Зеленая женщина — страница 28 из 43

— Яд я принес отравиться, — с ожесточенной ясностью произнес Виктор. — Я хотел отравиться. На сцене. Я хотел… — Ожесточение не спасло, он сбился и двинул рукой, словно обводя обступившие его призраки.

— Послушайте, пусть кто-нибудь даст ему в морду! — опомнился наконец Генрих.

Откликнулся Тарасюк:

— За это не в морду. — Нетерпимым движением головы откинул волосы и перешел с места на место в потребности действия. — Будем звонить в милицию. Тут не мордой пахнет!

Что-то непоправимо разрушалось у всех на глазах:

недавно еще немыслимое, сбывалось. Но и это, немыслимое, ставшее явью, не сохраняло хотя бы и той отрицательной устойчивости, какую ждешь от несчастья. Новая — прежде немыслимая — явь опять уходила из-под ног, ставя на очередь новые, еще худшие превращения. Прежние слова, намерения, прежние понятия и оценки — всё, непоправимо меняясь, теряло смысл. Всё, недавно еще крепкое, осязаемое, расползалось в руках, проскальзывало тающей гнилью, не оставляя в конце концов ничего, кроме пустоты под сердцем.

— Витя, — Алексей Кацупо осторожно тронул Куцеря. — Витя… всё — занавес.

Вздрогнув, как от мурашек, Куцерь сбросил чужую руку.

— Или мы звоним в милицию… — Алексей колебался.

Тарасюк прошел сквозь разрозненную толпу и, не примериваясь, ударил Виктора в скулу. Тот дернулся, мгновенно ощерившись… И опустил глаза.

— Будем звонить в милицию, — предупредил Кацупо, ожесточаясь.

— Не будем, — тем же тоном возразил Генрих. — Куцерь врет. Не верю ни слову. — И он выругался, бросая слова, как плевки: — Шут гороховый, бля… Идиота кусок… твою мать… Обезьяна! Обезьяна ты!

— Витя, — умоляюще сказала Аня; она подошла с телефоном в руке, — Витя, дурачок. Брось. Пожалуйста!

— П-помнишь, в Малайзии, Куала-как-это? — Лумпур? — заикаясь от волнения, потянулся к ней Куцерь — Аня едва не отшатнулась.

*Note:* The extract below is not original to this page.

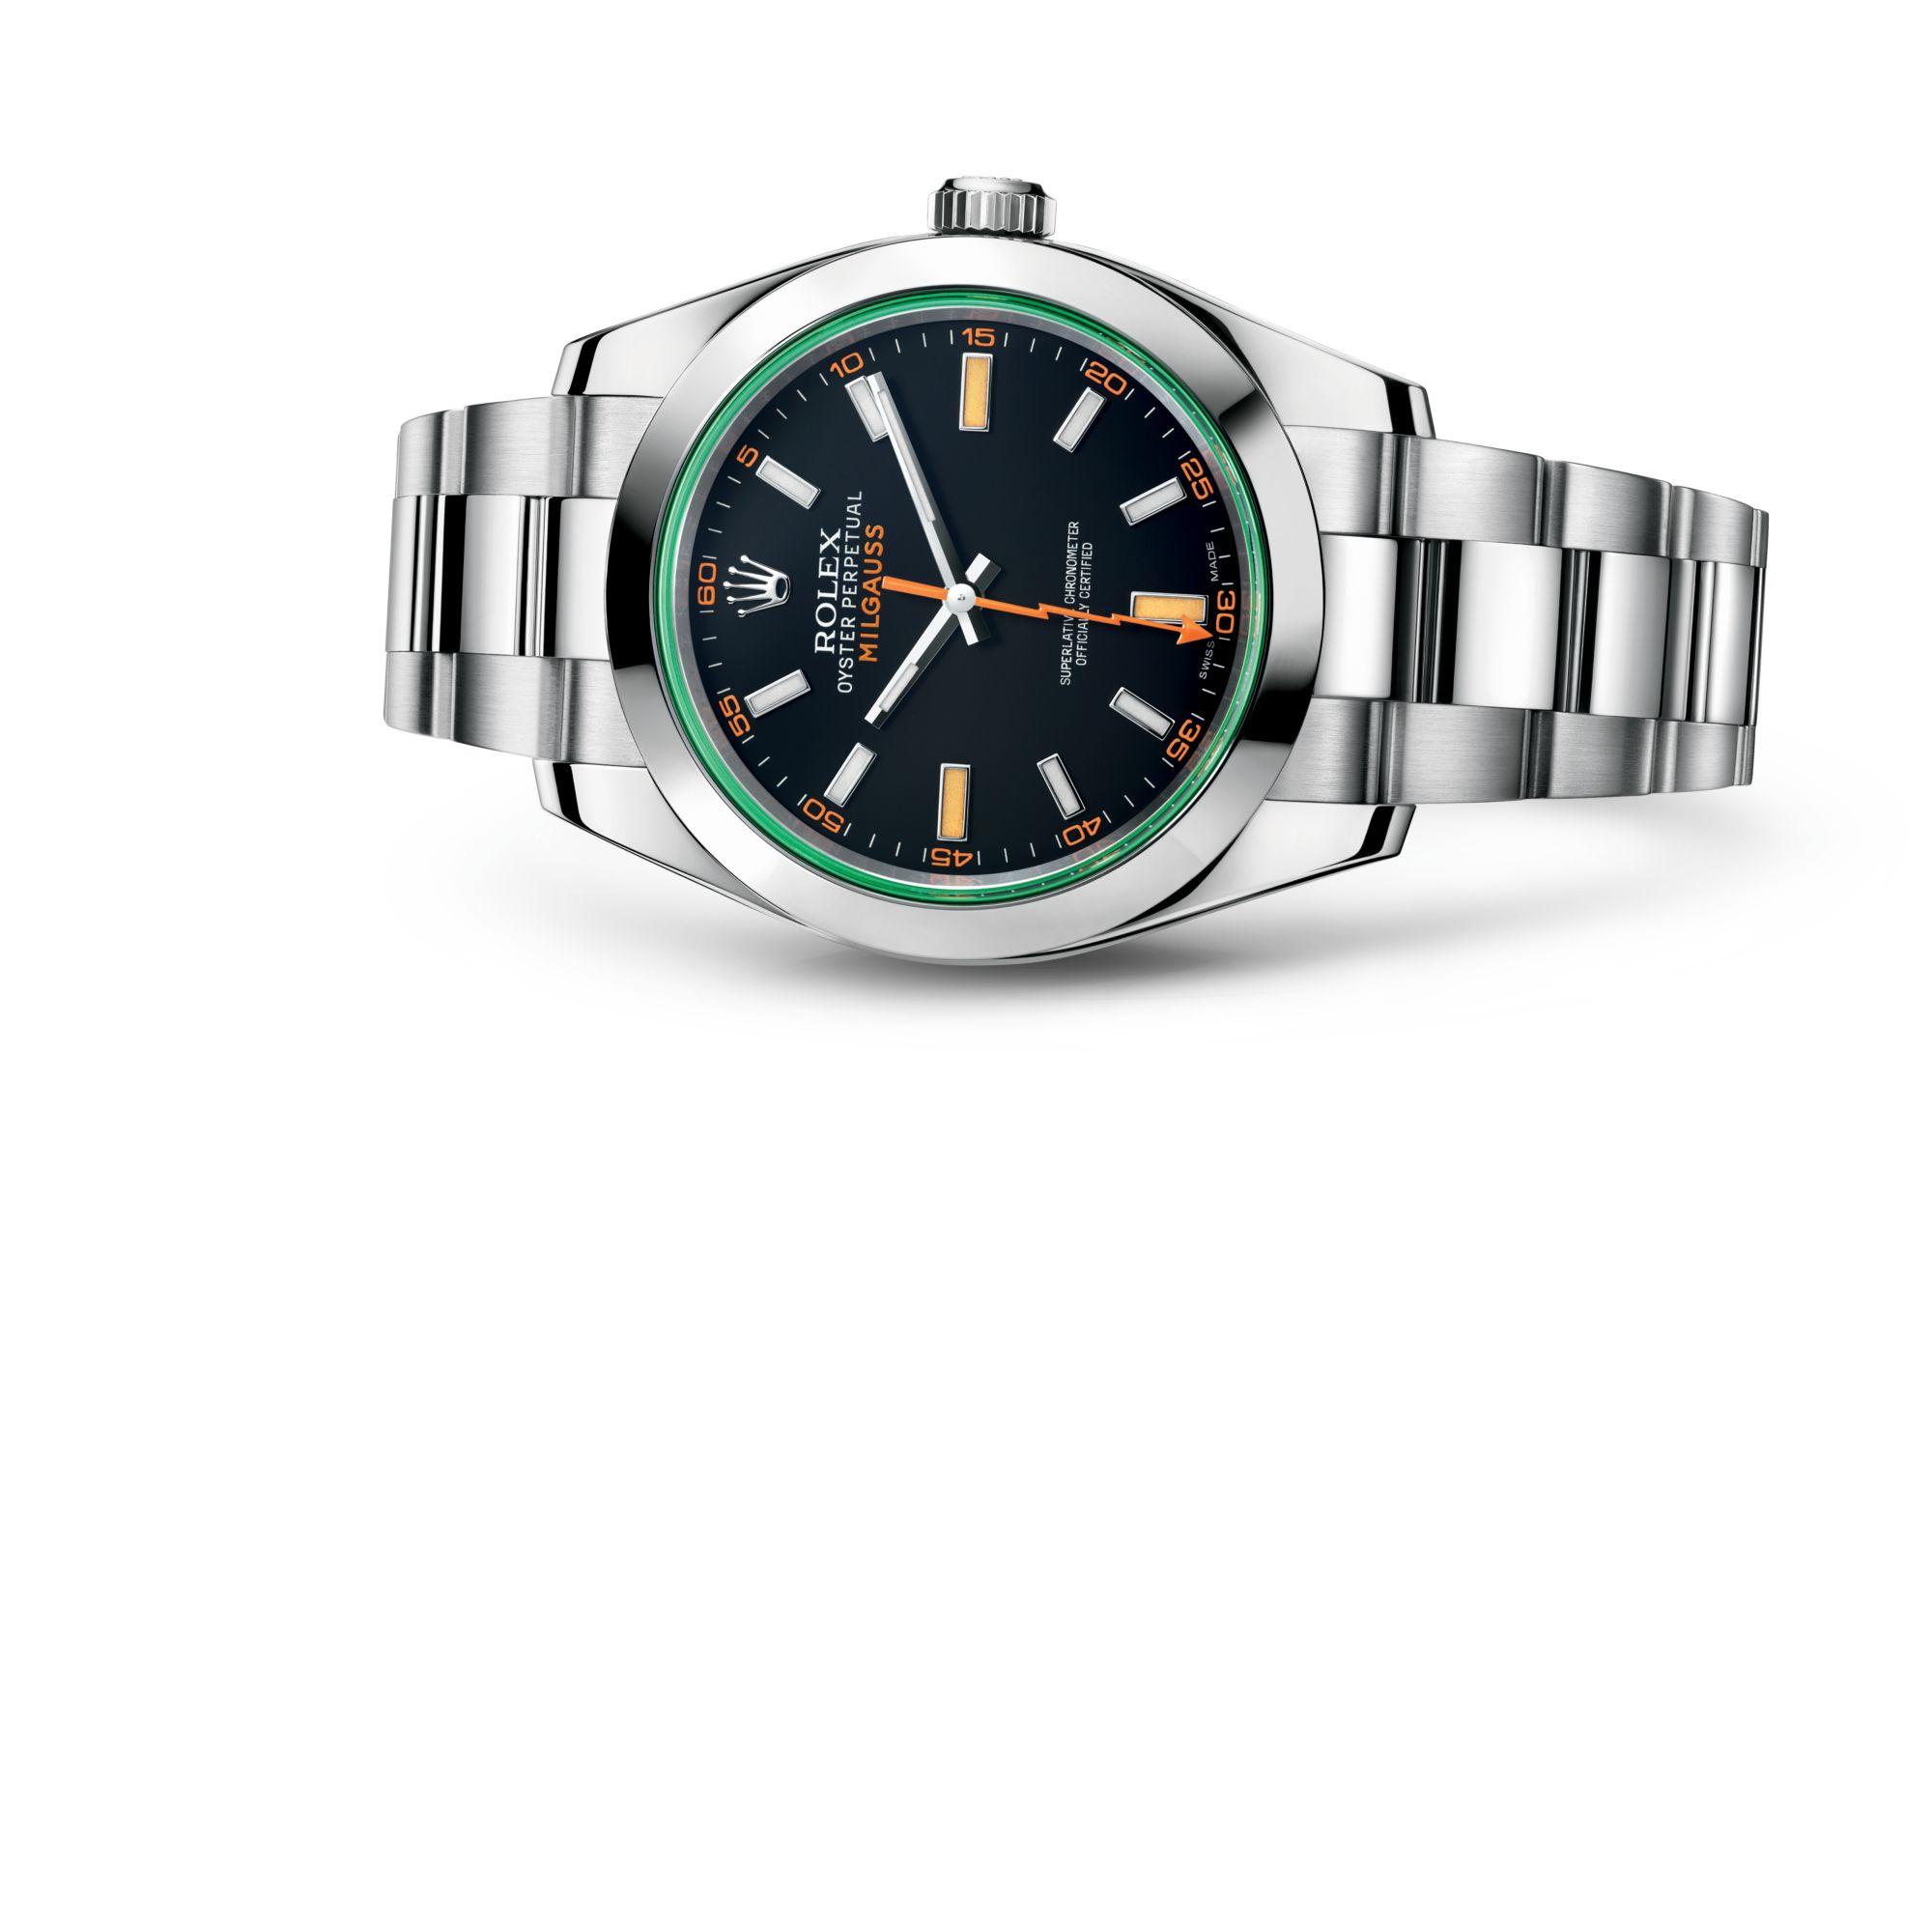 Rolex Milgauss M116400GV-0001
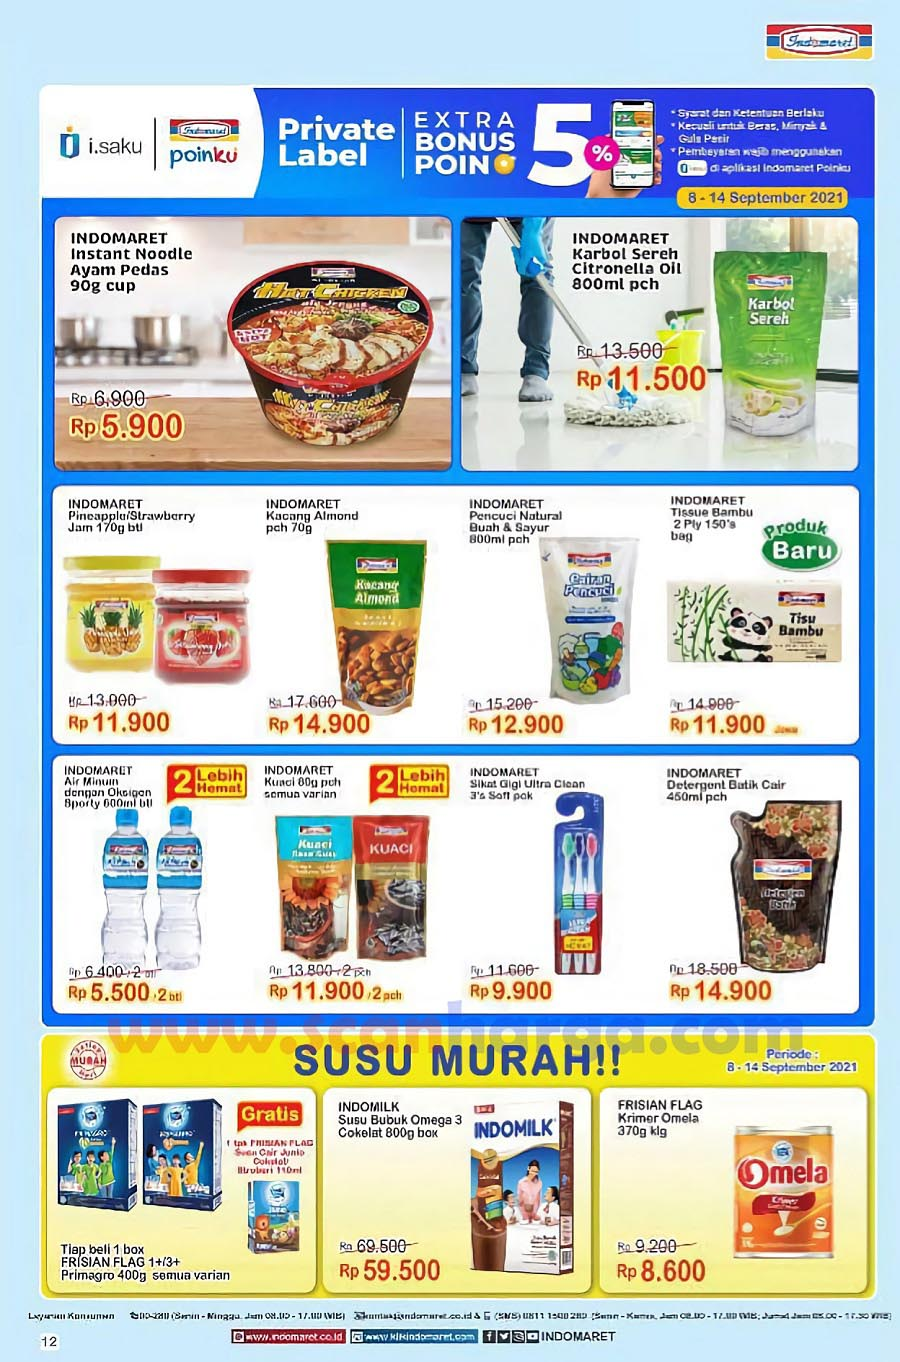 Katalog Indomaret Promo Terbaru 8 - 14 September 2021 12

— Мы зашли, зашли, помнишь, в лавку китайскую, к этому китайцу?.. Китайся-китайся! — не удержался он вдруг соскоморошничать, кланяясь, как японская кукла из колмогоровского «Щелкунчика». — К старикашке зашли? Помнишь?

— Слушай, здесь твоих шуток наелись! — сказала она, глядя расширившимися глазами.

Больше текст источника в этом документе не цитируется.